Metadata-Version: 2.4
Name: aacf
Version: 0.9.1
Summary: Agentic AI Compiler Framework — AI workflow pre-compilation and highly controllable scheduling execution engine
Author-email: Developer <developer@example.com>
License: GPL-3.0
Requires-Python: >=3.10
Description-Content-Type: text/markdown
License-File: LICENSE
Requires-Dist: typer>=0.9.0
Requires-Dist: rich>=13.0.0
Requires-Dist: typing_extensions>=4.0.0; python_version < "3.12"
Requires-Dist: pyvis>=0.3.2
Provides-Extra: docs
Requires-Dist: pdoc>=14.0.0; extra == "docs"
Provides-Extra: mcp
Requires-Dist: mcp>=1.0.0; extra == "mcp"
Provides-Extra: dev
Requires-Dist: pytest>=7.0.0; extra == "dev"
Requires-Dist: pytest-cov>=4.0.0; extra == "dev"
Requires-Dist: ruff>=0.1.0; extra == "dev"
Dynamic: license-file

# AACF - Agentic AI Compiler Framework

**[English](README.md) | [中文](README_zh.md)**

A Python framework for building LLM-driven agent pipelines through decorators, dependency analysis, and DAG-based scheduling.

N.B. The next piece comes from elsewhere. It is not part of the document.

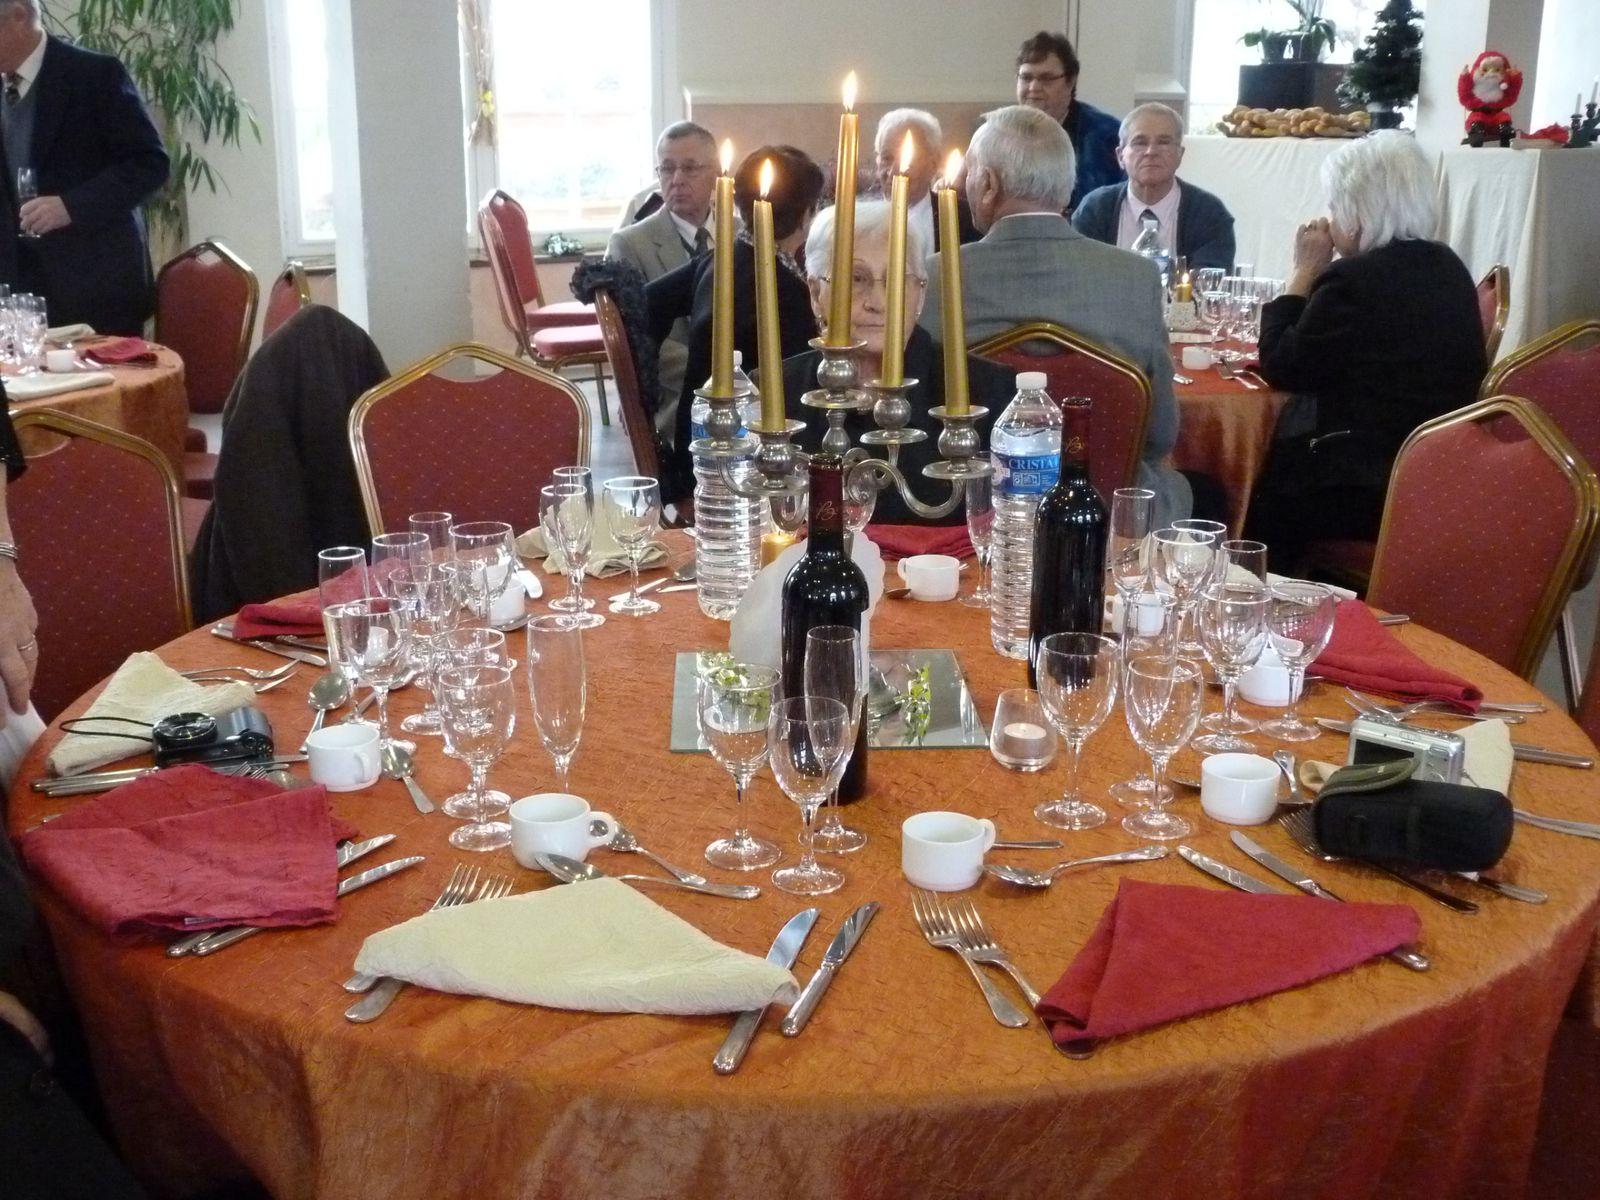 Album - Chantereine, l'Amicale des retraités de Chantereine, repas de fin d'année, 8 décembre 2013, (1ére partie)

[![Python](https://img.shields.io/badge/Python-3.10%2B-blue)](https://www.python.org/)
[![PyPI](https://img.shields.io/pypi/v/aacf.svg)](https://pypi.org/project/aacf/)
[![License](https://img.shields.io/badge/License-GPL--3.0-orange)](https://www.gnu.org/licenses/gpl-3.0.html)
[![CI](https://github.com/Roxy-DD/aacf-py/actions/workflows/ci.yml/badge.svg)](https://github.com/Roxy-DD/aacf-py/actions/workflows/ci.yml)

---

## What It Does

You declare AI nodes with a decorator. AACF handles prompt construction, LLM calls, dependency analysis, and execution scheduling.

```python
from aacf import AACF, LLMConfig

app = AACF(__name__, config=LLMConfig(
    model="qwen2.5-7b-instruct",
    url="http://127.0.0.1:8080/v1/chat/completions",
))

@app.node("translate").who("Translator").what("Translate Chinese to English")
def translate(text: str):
    pass

print(translate(text="Hello World"))
# -> 你好世界
```

---

## Core Ideas

**Five-tuple DSL.** Reduce prompts to `who / where / what / why / how`. Each AI node is an atomic function with a clear role.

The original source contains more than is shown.